◆ **Brief**: Print the whole listing again exactly, keeping no pictures in it.

◆ **Source material**:

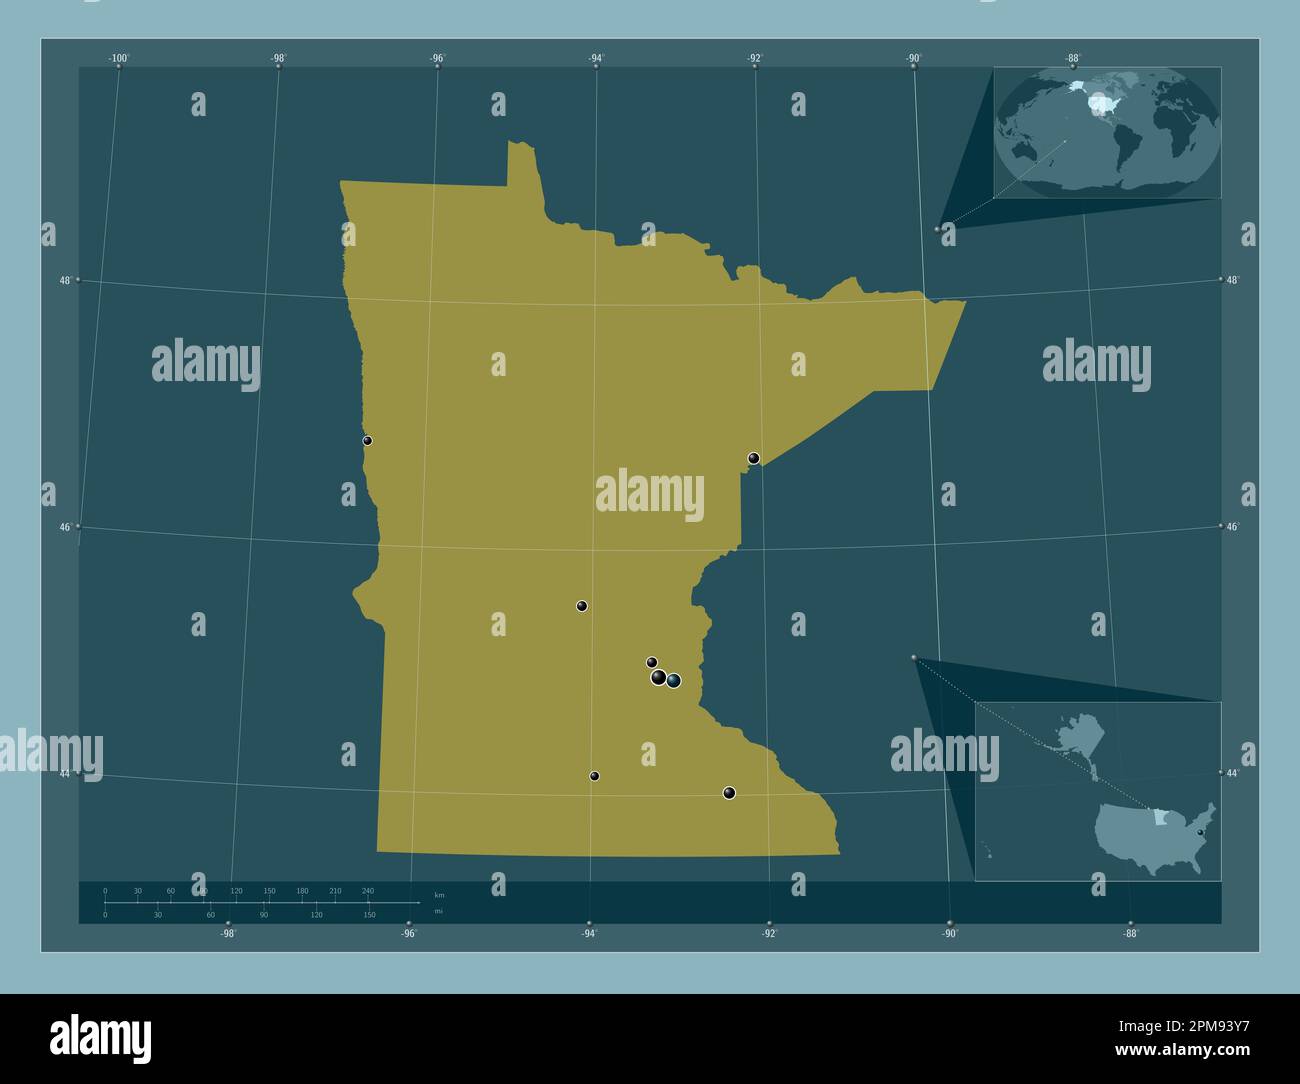 Minnesota, Bundesstaat der Vereinigten Staaten von Amerika. Durchgehende Farbform. Standorte der wichtigsten Städte der Region. Eckkarten für zusätzliche Standorte Stockfoto
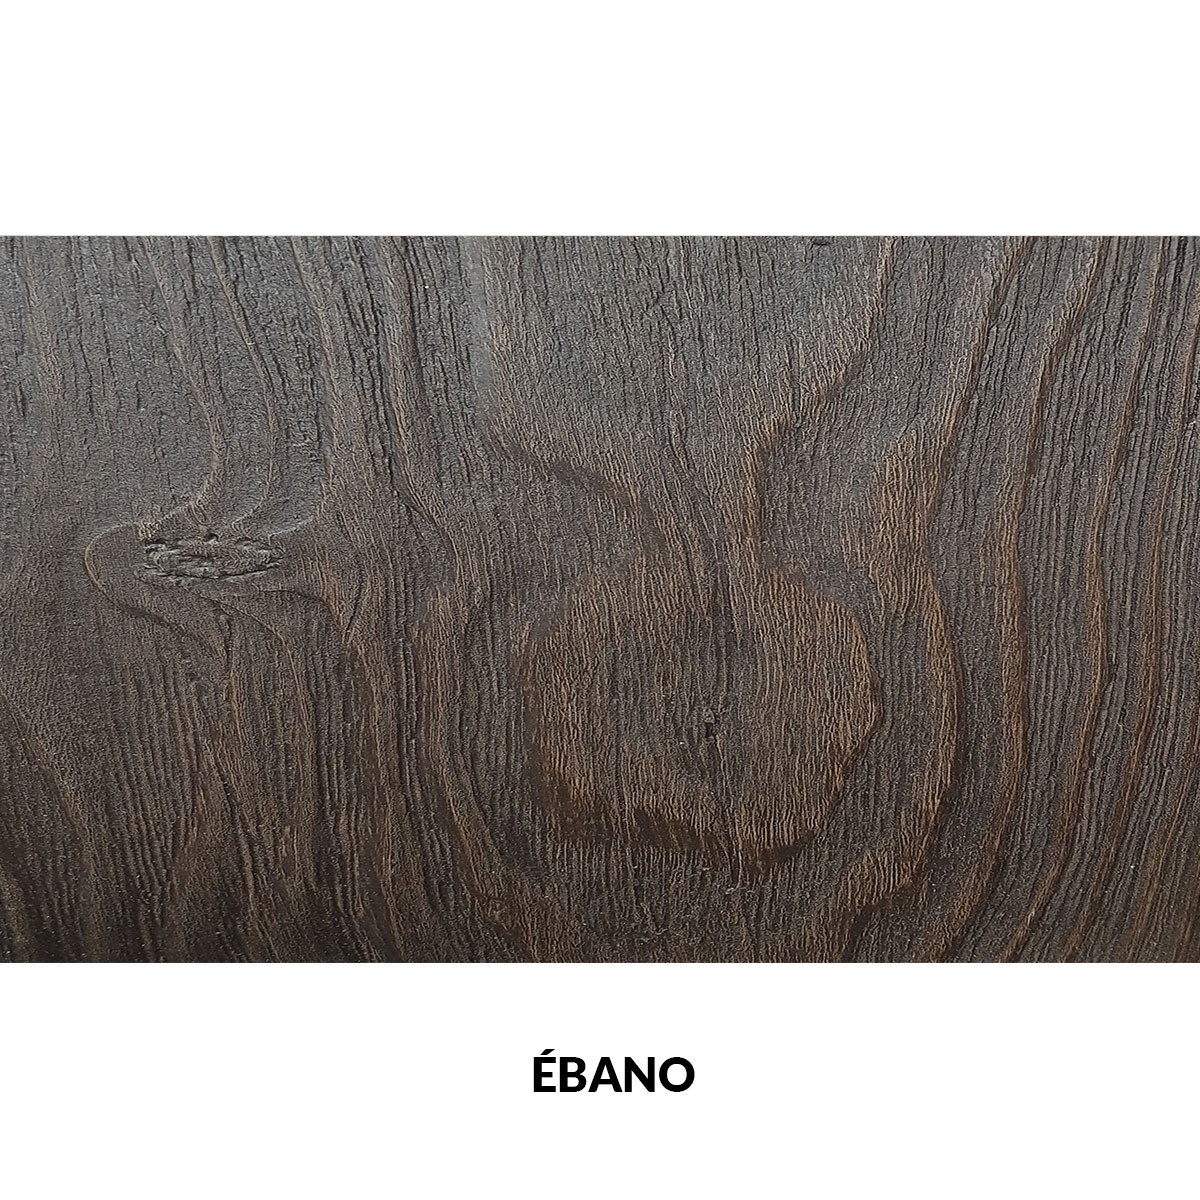 300x62cm painel rústico de seis ripas de imitação de madeira ébano
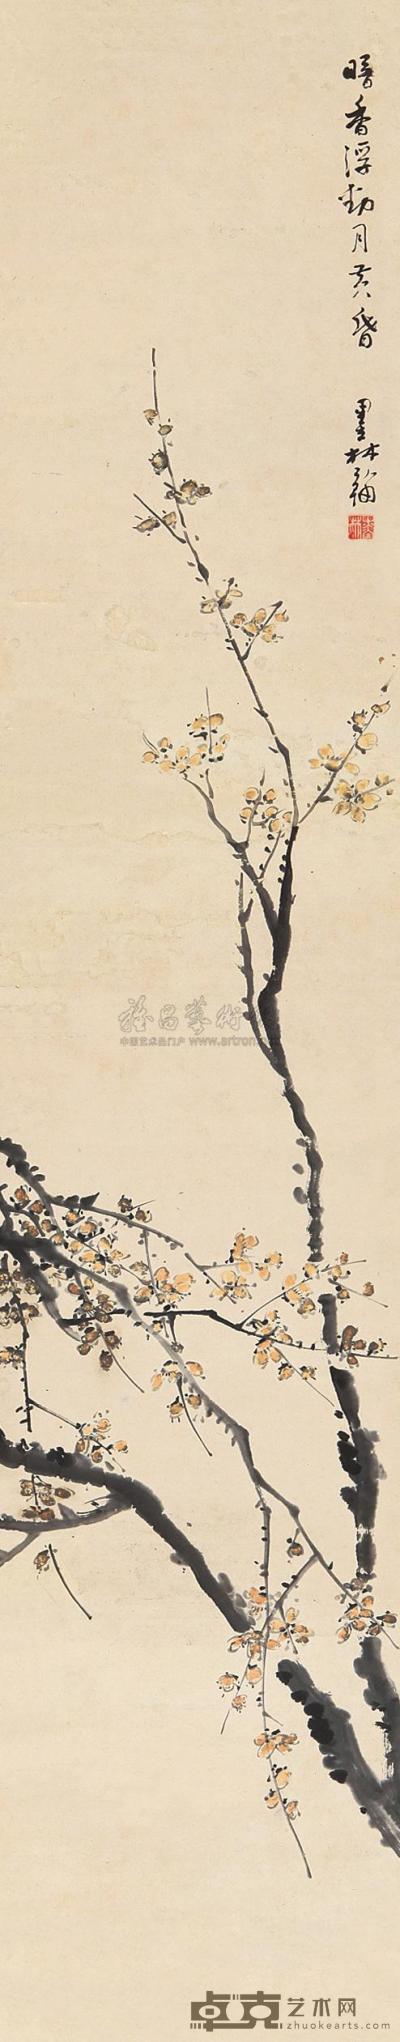 王墨林 暗香浮动月黄昏 立轴 134×26cm

◆ **Exercise response**:
 Minnesota, Bundesstaat der Vereinigten Staaten von Amerika. Durchgehende Farbform. Standorte der wichtigsten Städte der Region. Eckkarten für zusätzliche Standorte Stockfoto
 300x62cm painel rústico de seis ripas de imitação de madeira ébano
 王墨林 暗香浮动月黄昏 立轴 134×26cm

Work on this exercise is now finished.